Peri, Caccini, Bardi and others of the Florentine "camerata" were engaged as composers, stage managers, actors and singers in many of the elaborate court spectacles, intermezzi and madrigal dramas produced toward the end of the sixteenth century. Peri and Caccini were professional singers, and their experiences were not only those of students, but also those of practitioners. Their revolt against the contrapuntal lyric drama was largely, though not wholly, based on deep-seated objection to the unintelligibility of the text. It does not require profound consideration to bring us to the opinion that the method of Vecchi was in part an attempt to overcome the innate defect of the polyphonic style in this matter of intelligibility. The resort to the spoken text on the stage while the music was sung behind the scenes appears on the face of it to have been compelled by a wish for some method of conveying the meaning of the poet to the audience.

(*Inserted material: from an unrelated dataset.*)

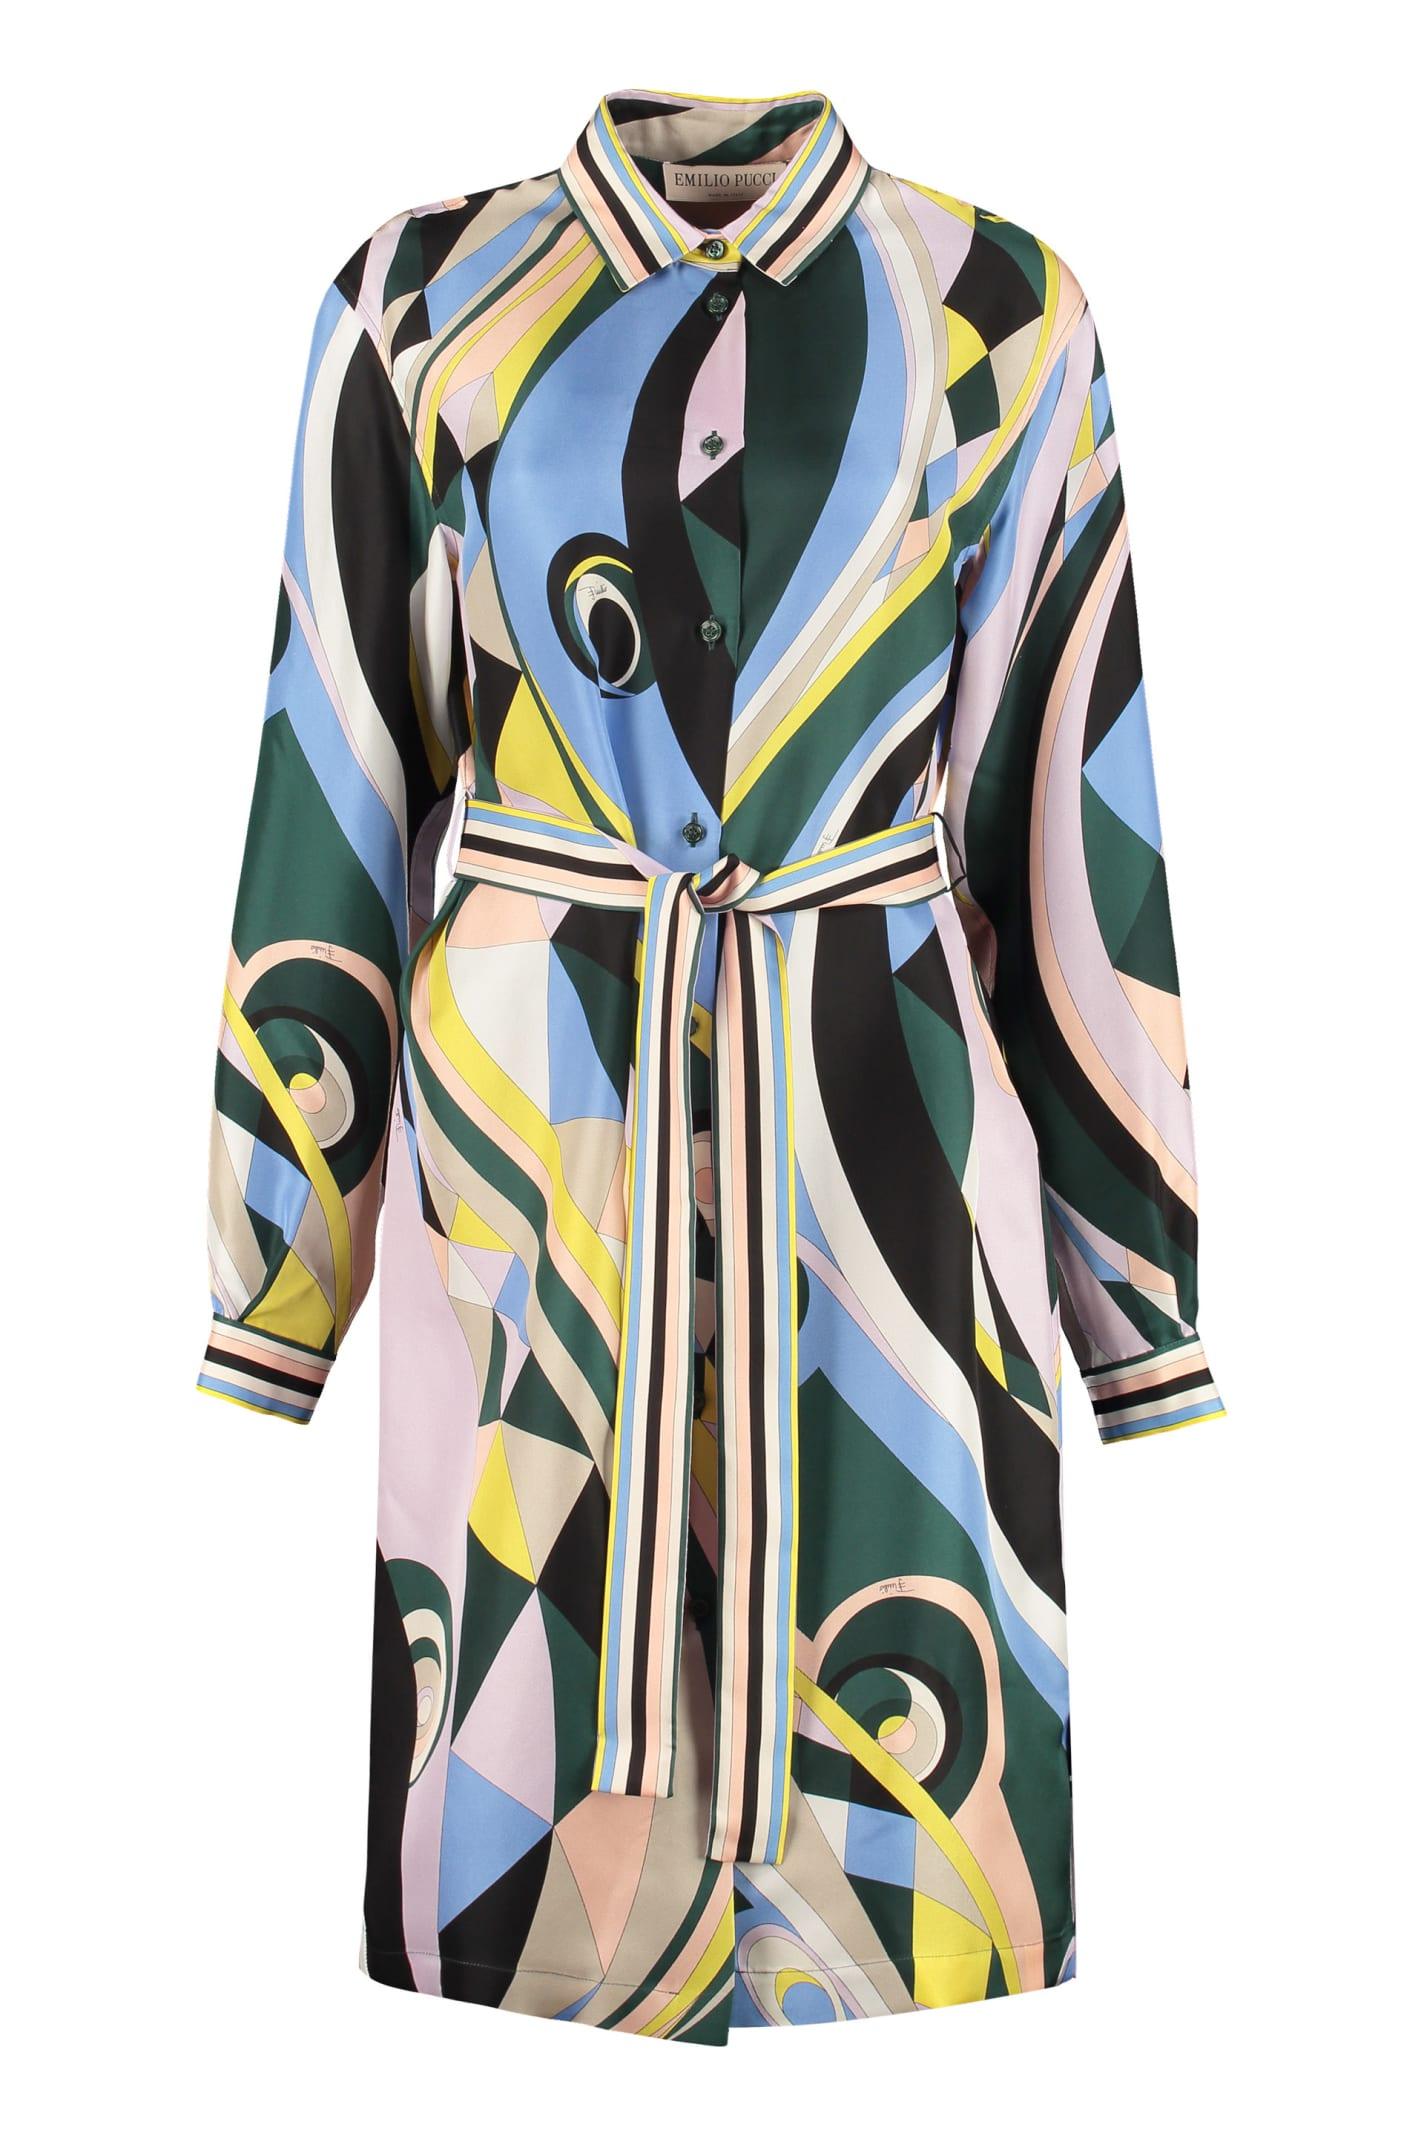 Emilio Pucci Printed Silk Shirt Dress
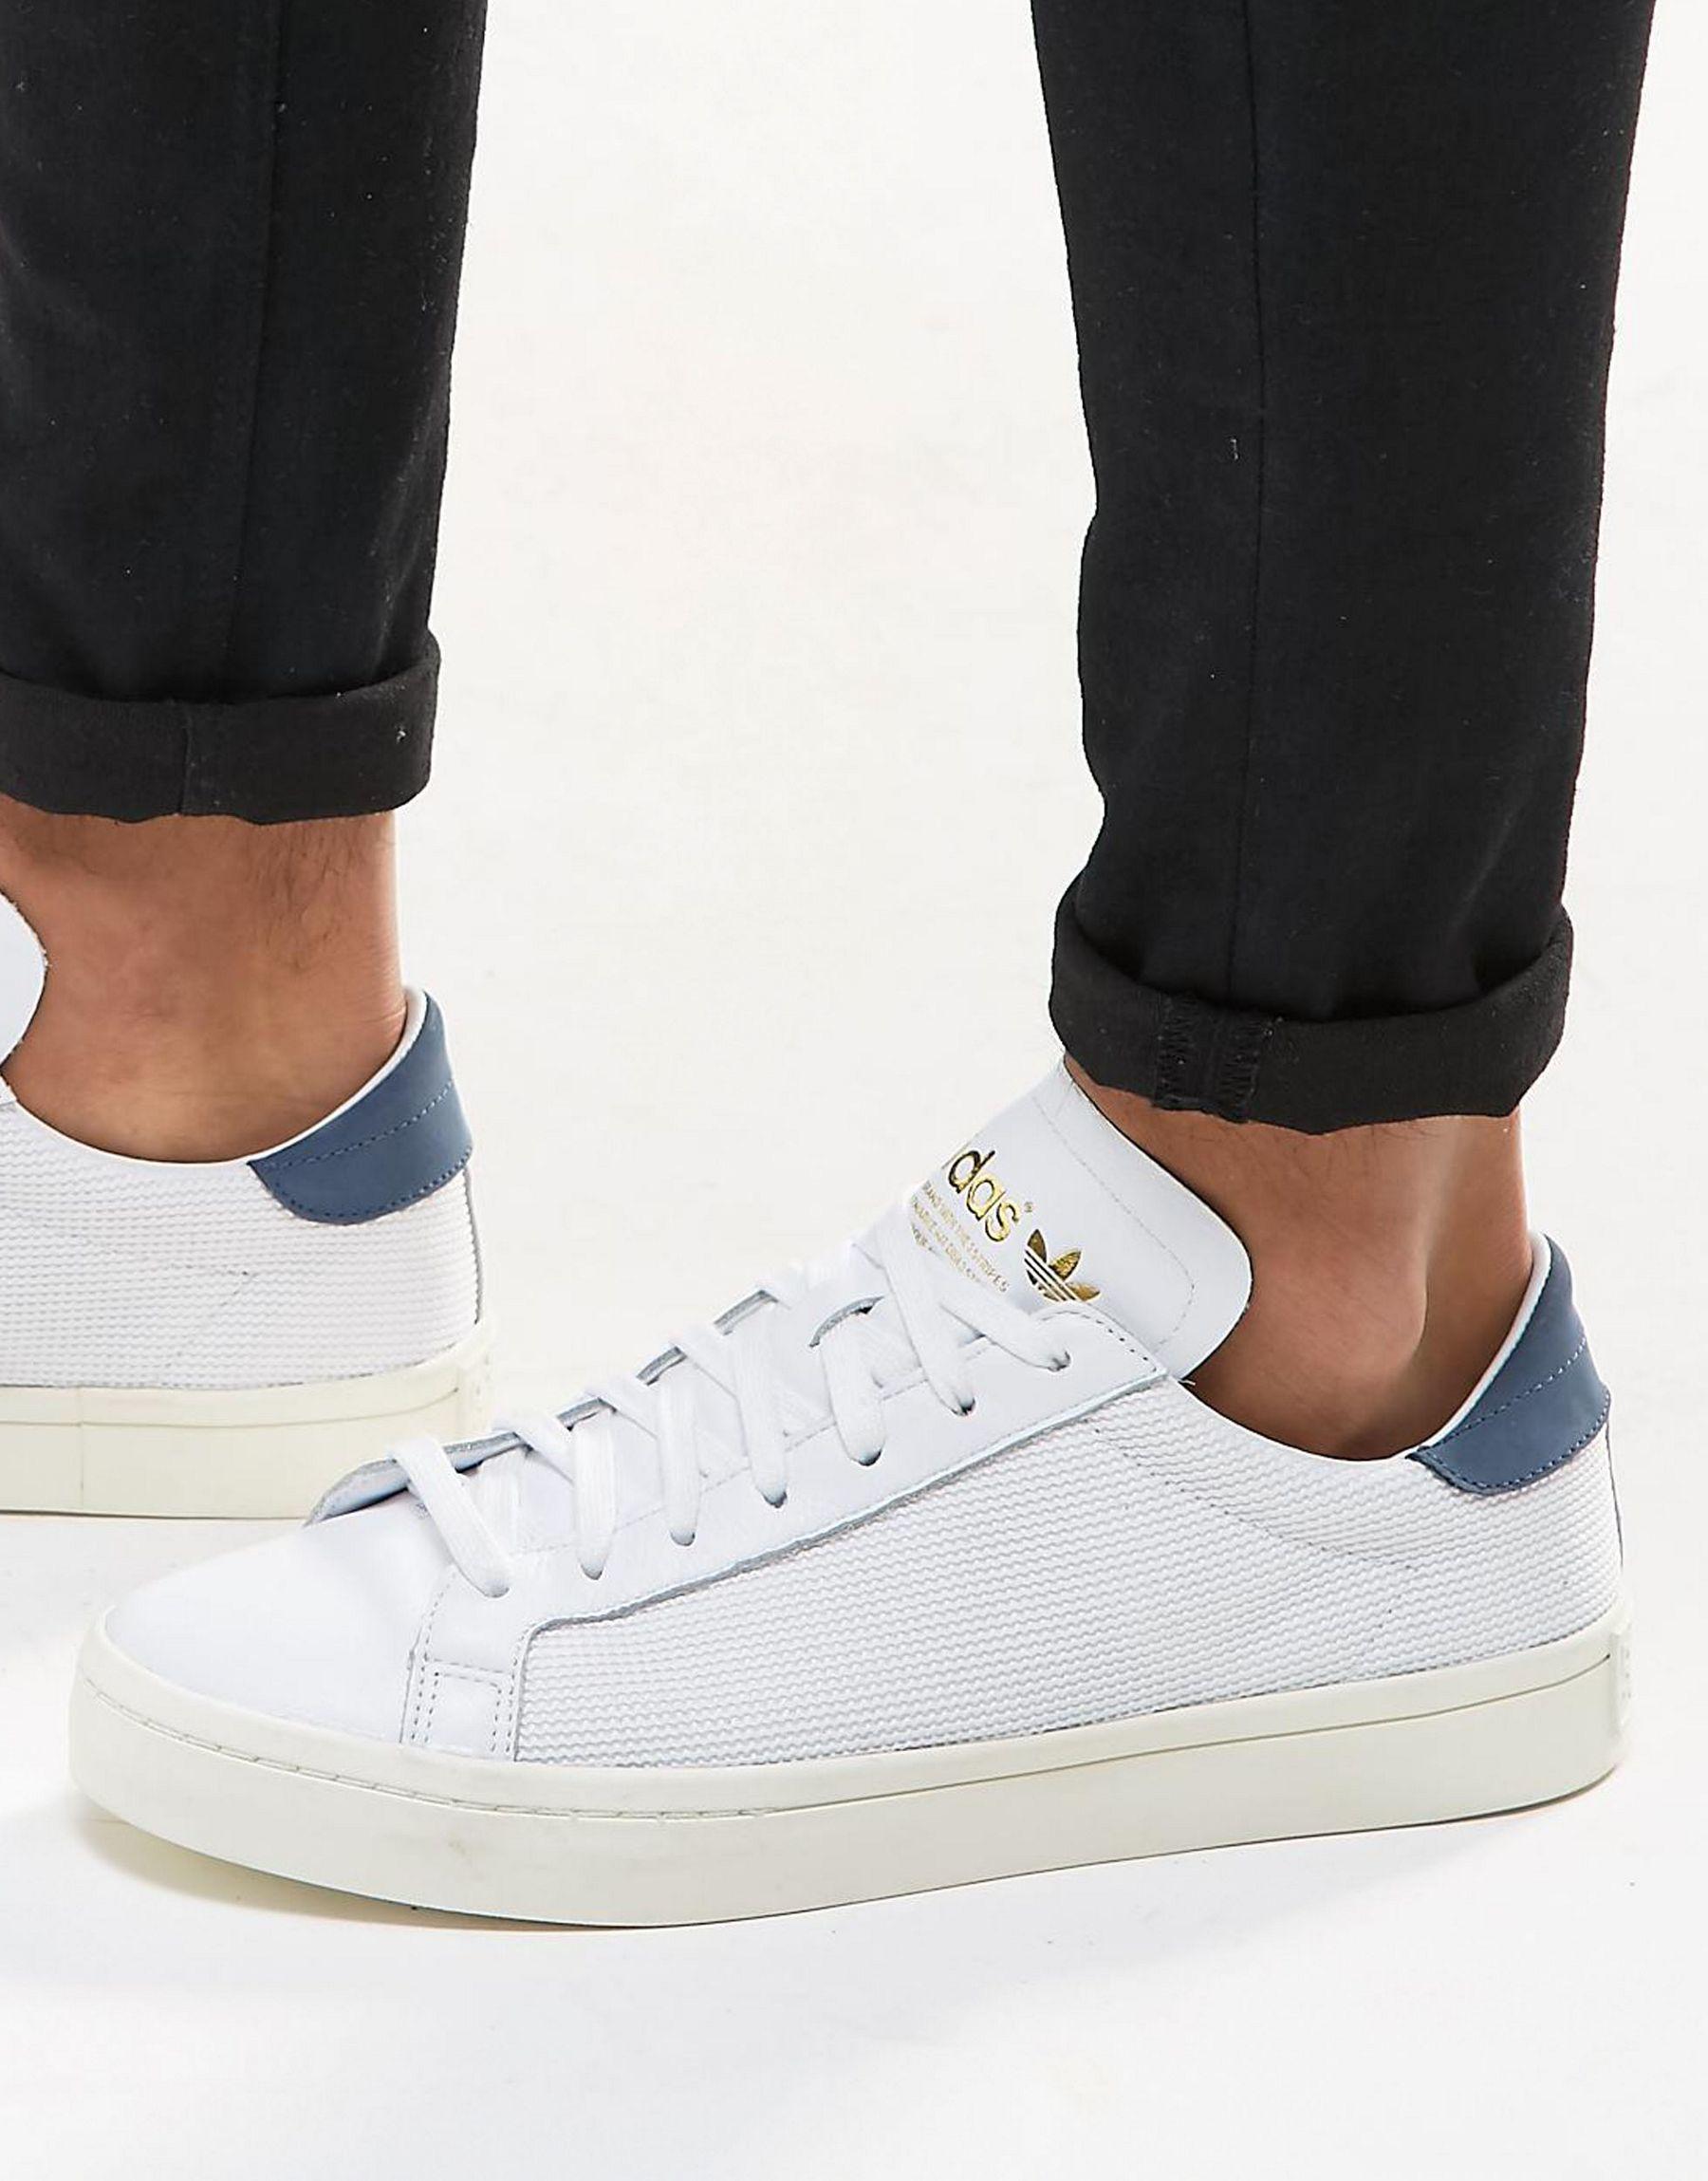 adidas Originals Men Court Vantage Suede Sneakers Fits true

Why, then, did not these young reformers find at hand in the madrigal arranged for solo voice the suggestion for their line of lyric reconstruction? Partly by reason of the confusion caused by obedience to old polyphonic customs in making the accompaniments, and partly because the madrigal had become a field for the display of vocal agility. Already the development of colorature singing had reached a high degree of perfection. Already the singer sought to astonish the hearer by covering an air with a bewildering variety of ornaments. The time was not far off when the opera prima donna was to become the incarnation of the artistic sensuousness which had beguiled Italy with a dream of Grecian resurrection. The way had been well built, for the attention of the fathers of the Roman church had been turned early to the necessity of system in the delivery of the liturgical chants. The study of a style had developed a technic and to the achievement of vocal feats this technic had been incited by the rapid rise of the act of descant.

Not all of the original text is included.